With a centrally managed data center, researchers can have their cake—supercomputing power at lower cost—and eat it too. Yet convincing them to pool resources can be a tricky political process

As 2010 began, the University of Washington was preparing to launch its first shared high-performance computing cluster, a 1,500-node system called Hyak, dedicated to research activities.

Like other research universities, UW had learned the hard way that having faculty members purchase and run their own high-performance computing nodes in multiple small data centers scattered across campus is inefficient and expensive. In many cases in those settings, the CPUs are active only 10 to 15 percent of the time, and, in the absence of coordination, the effectiveness of data centers drops off over time. These kinds of inefficiencies can impel research faculty to leave the university, resulting in data center capacity going unused.

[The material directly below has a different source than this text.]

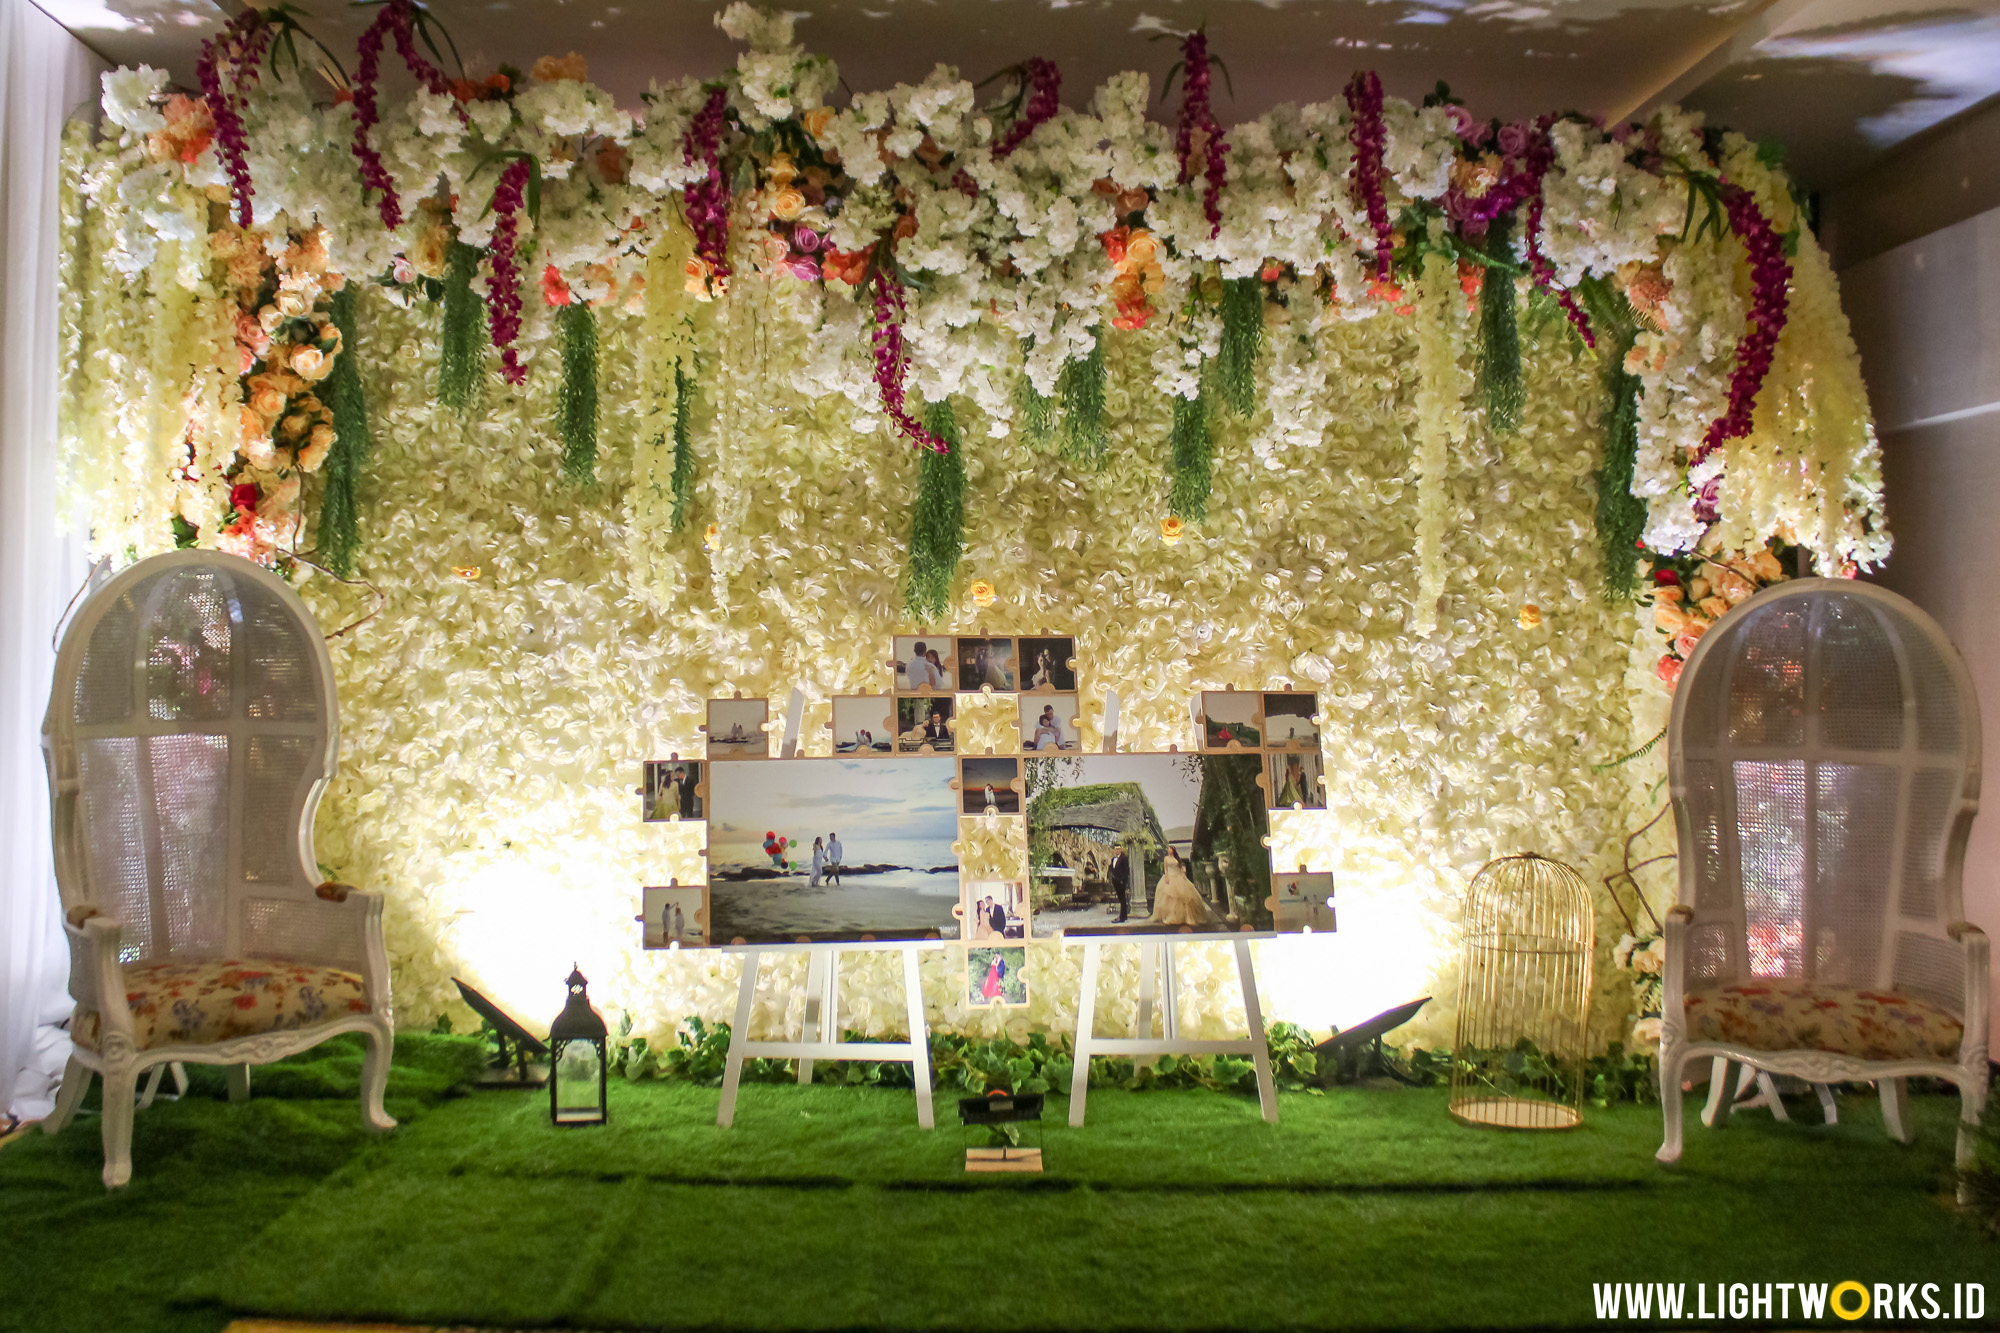 Wedding of Julfendra and Mell | Venue at Discovery Convention and Hotel Ancol | Decoration by White Pearl Decoration | Organised by Partee Organiser | MC: Adi Chandra | Entertainment by Red Velvet Entertainment | Handbouquet by Pre Fleur Indonesia | Suit by Wong Hang Tailor | Gown by Ritz Taipei | Make up artist by Winnie Neuman | Photo and video by Maximus Pictures | Wedding cake by Eiffel Cake | Wedding car by Fendi Wedding Car | Photobooth by Mustard Photobooth | Souvenir by Fine Wedding Souvenir | Wedding Ring by Miss Mondial | Groom’s Corsage by Smitten | Lighting by Lightworks
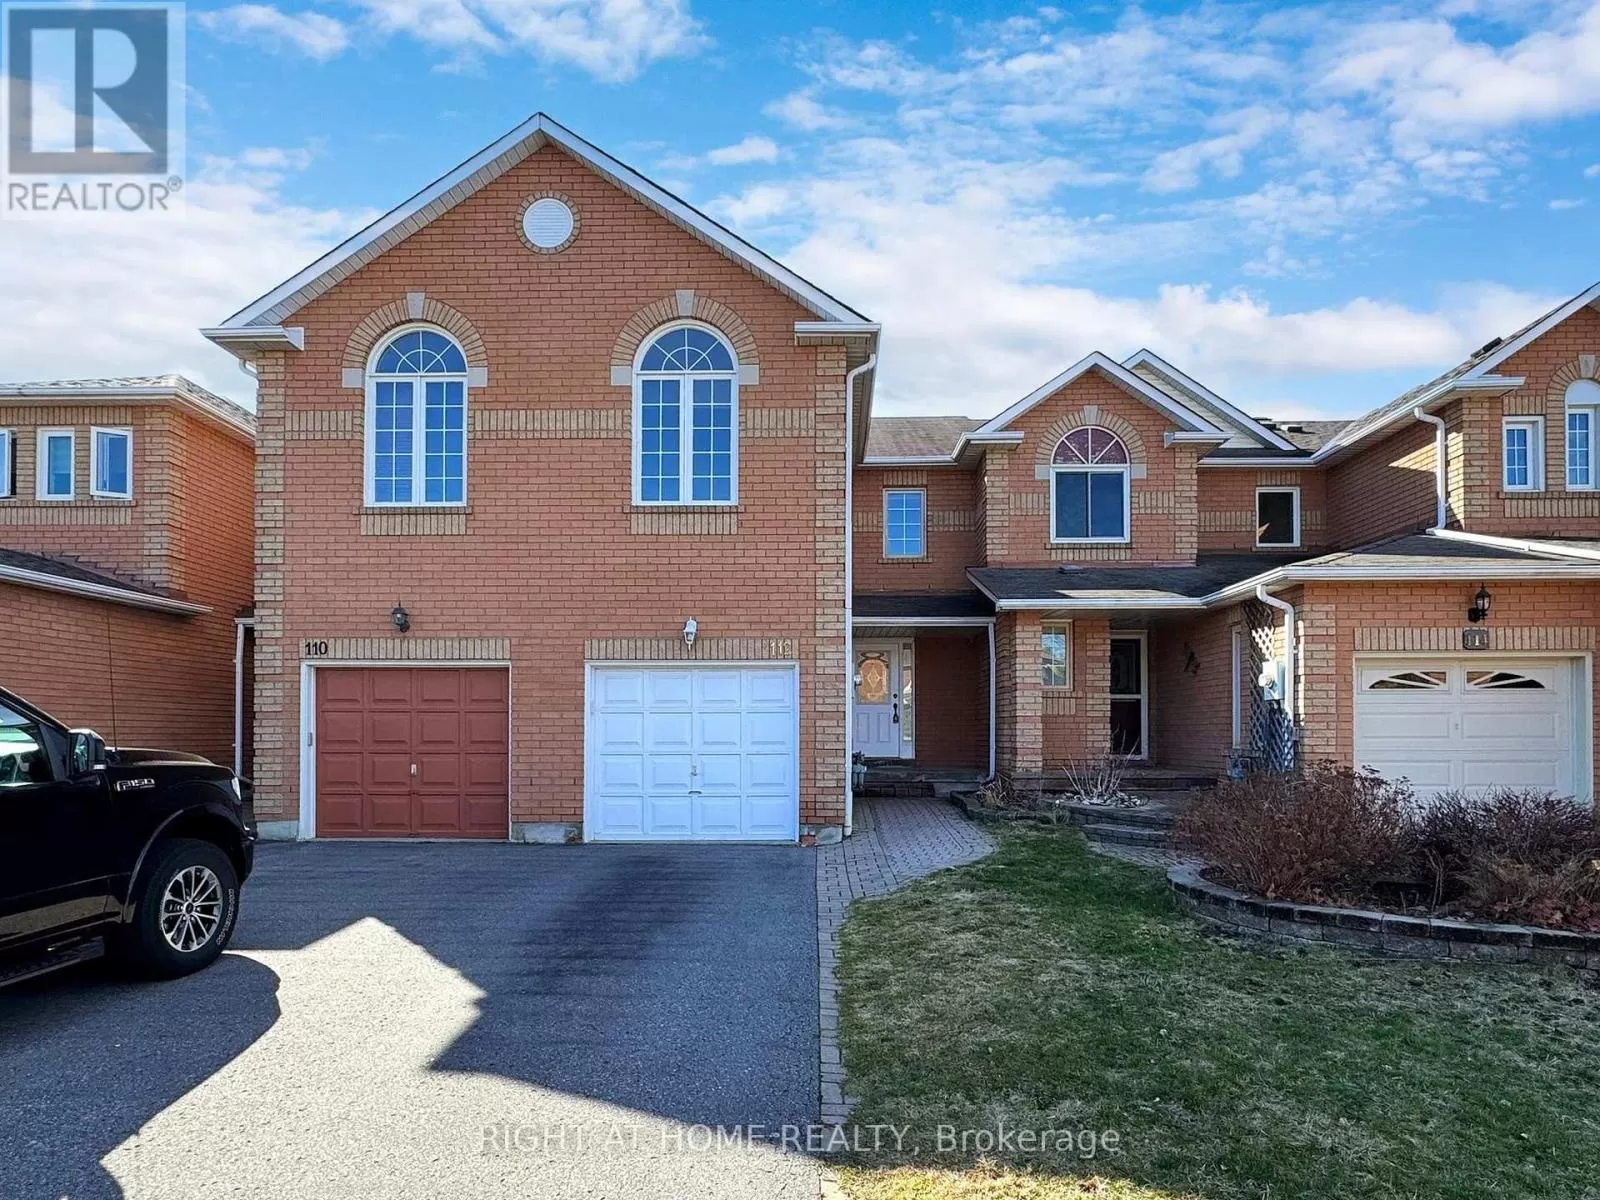 Row / Townhouse for rent: 112 Creekwood Cres, Whitby, Ontario L1R 2K4

“This was a problem that was costing the university many tens of millions of dollars,” says Chance Reschke, technical director at UW’s eScience Institute, which serves as a matchmaker between research faculty and resources, including computing platforms. Clustered nodes, he notes, enable researchers to take advantage of much greater computing power. Clusters also allow central IT organizations to offer better support, standardization, and coordination than individual colleges.

“Deans of research-heavy colleges, such as engineering, struggled to provide the facilities that faculty expected, such as power and cooling,” explains Reschke. “It became a faculty recruitment and retention issue for them. New faculty come to the university expecting to have access to this type of infrastructure. Colleges have no equipment available to satisfy that demand.”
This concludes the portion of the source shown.